Suicide attempt rates were lower among patients who were treated with antidepressants than among those who were not, with a statistically significant odds ratio for SSRIs and tricyclics. For SSRIs versus no antidepressant, this effect was significant in all adult age groups. Suicide attempt rates were also higher prior to treatment than after the start of treatment, with a significant relative risk for SSRIs and for non-SSRIs.

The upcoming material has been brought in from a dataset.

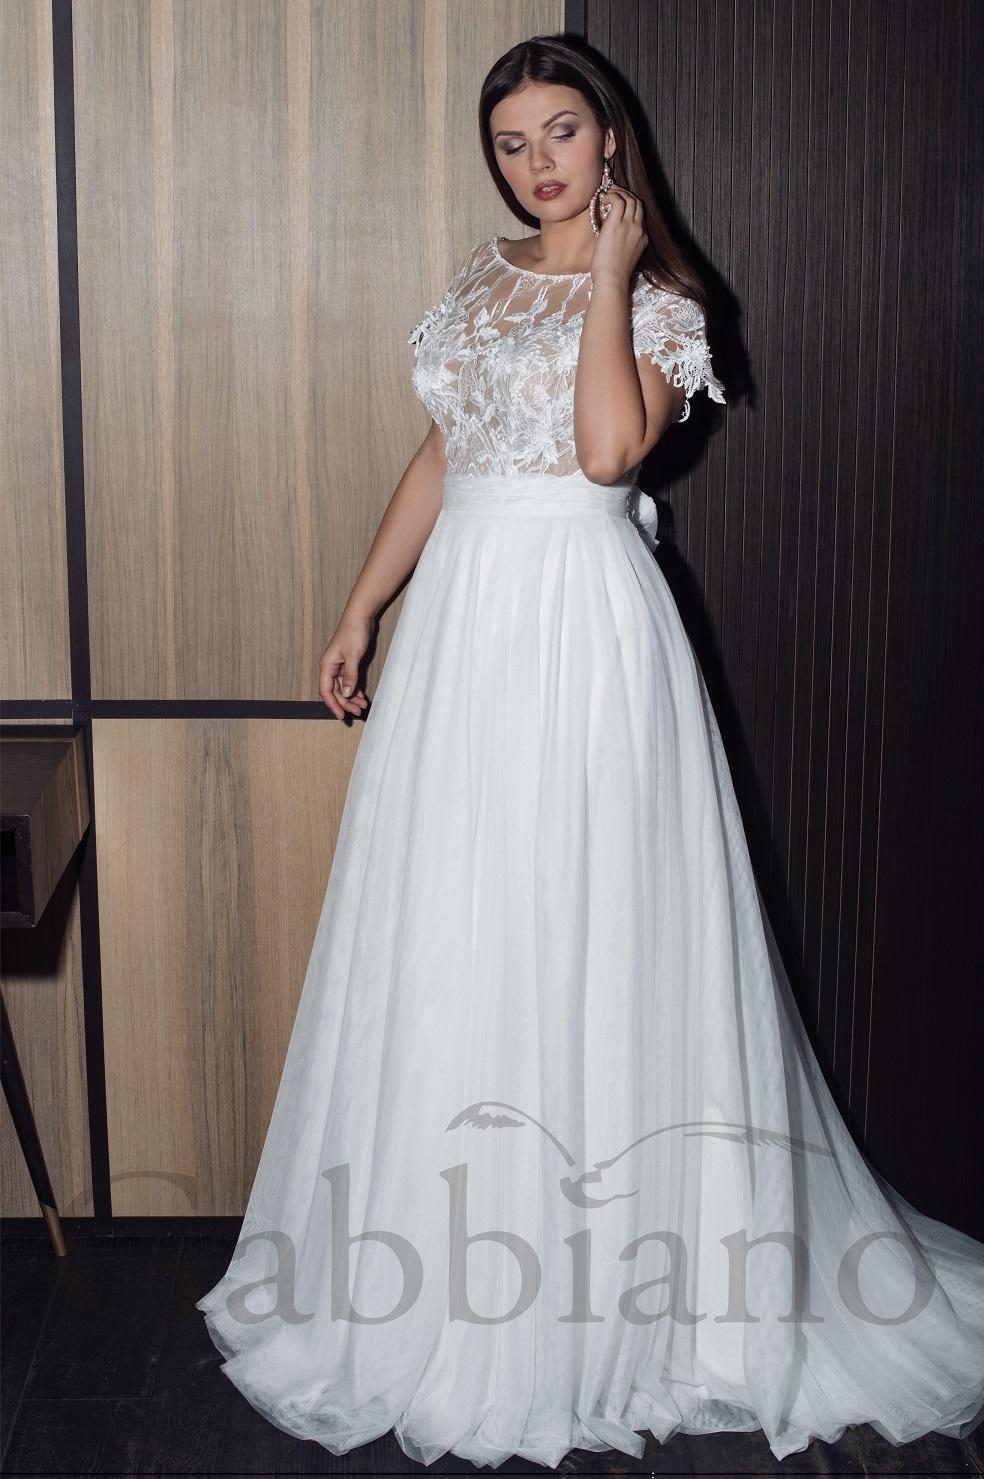 45f3aa50c16 1 фото. Ponti. Шифоновое свадебное платье ...
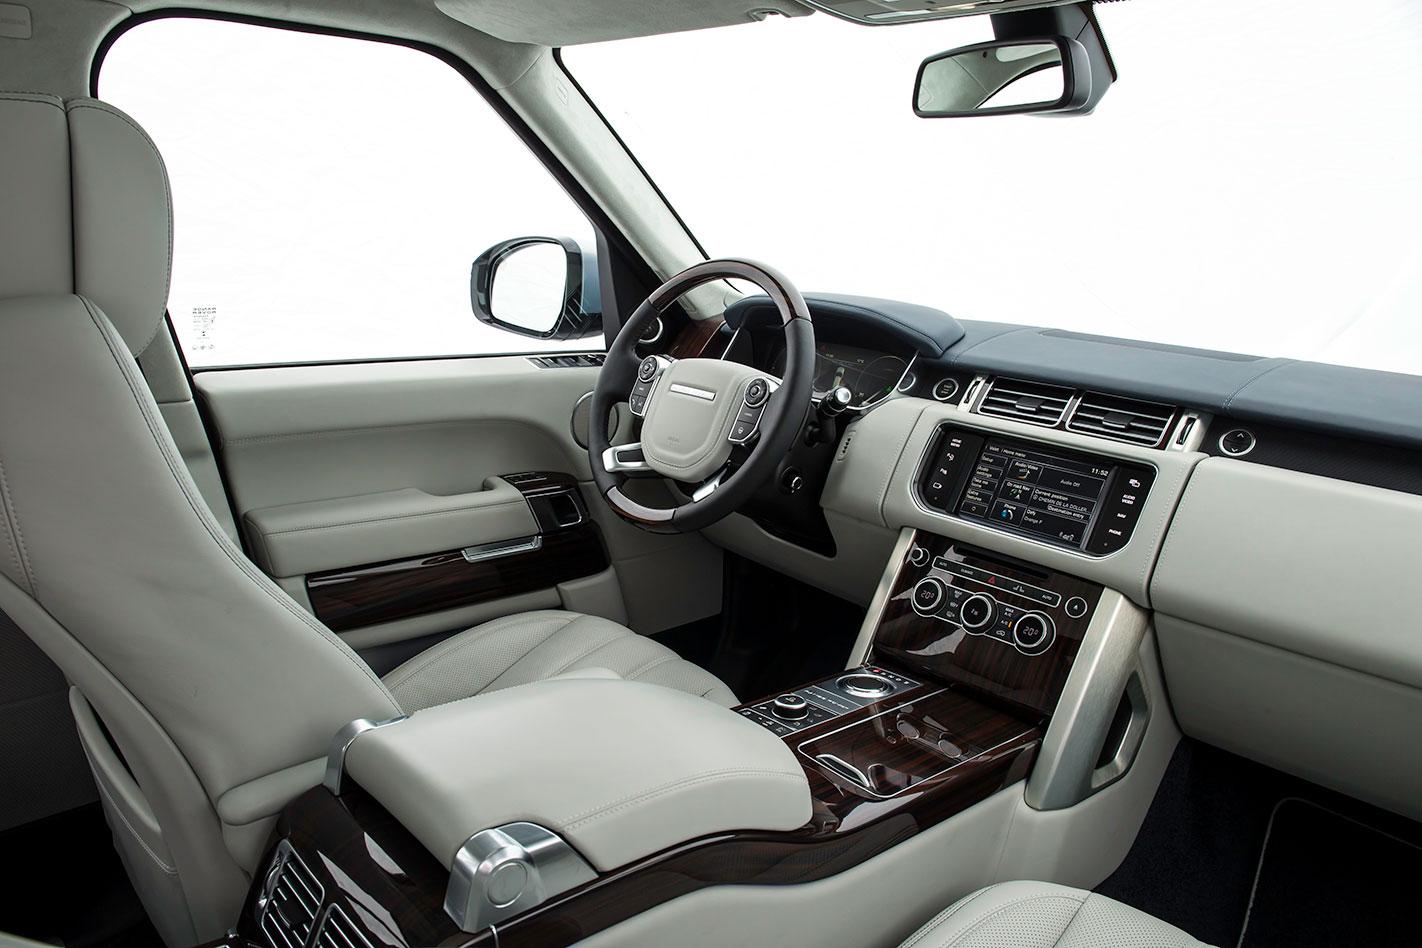 Range -Rover -SDV6-Hybrid -interior

For SSRIs, this effect was seen in all adult age groups and was significant in all but the 18-25 group.

CONCLUSIONS

These findings suggest that SSRI treatment has a protective effect in all adult age groups. They do not support the hypothesis that SSRI treatment places patients at greater risk of suicide.

摘要

目的

2006年末,美国食品药品监督管理局咨询委员会建议,将2004年关于接受抗抑郁药治疗的儿科患者自杀倾向的黑框警告扩展至年轻成年人。本研究调查了退伍军人管理局医疗保健系统中成年患者抗抑郁药治疗与自杀未遂之间的关系。

方法

作者分析了2003年或2004年被诊断为抑郁症、至少随访6个月且在2000年至2002年无抑郁病史的226,866名退伍军人的数据。比较了接受选择性5-羟色胺再摄取抑制剂(SSRI)、新一代非5-羟色胺特异性(非SSRI)抗抑郁药(安非他酮、米氮平、奈法唑酮和文拉法辛)、三环类抗抑郁药或未接受抗抑郁药治疗的患者的总体自杀未遂率以及开始抗抑郁治疗前后的自杀未遂率。还进行了年龄组分析。

结果

接受抗抑郁药治疗的患者自杀未遂率低于未接受治疗的患者,SSRI和三环类药物的优势比具有统计学意义。对于SSRI与未使用抗抑郁药的情况,这种影响在所有成年年龄组中均显著。治疗前的自杀未遂率也高于开始治疗后,SSRI和非SSRI的相对风险显著。对于SSRI,这种影响在所有成年年龄组中均可见,除18 - 25岁组外均具有显著性。

结论

这些发现表明,SSRI治疗对所有成年年龄组均具有保护作用。它们不支持SSRI治疗会使患者自杀风险更高的假设。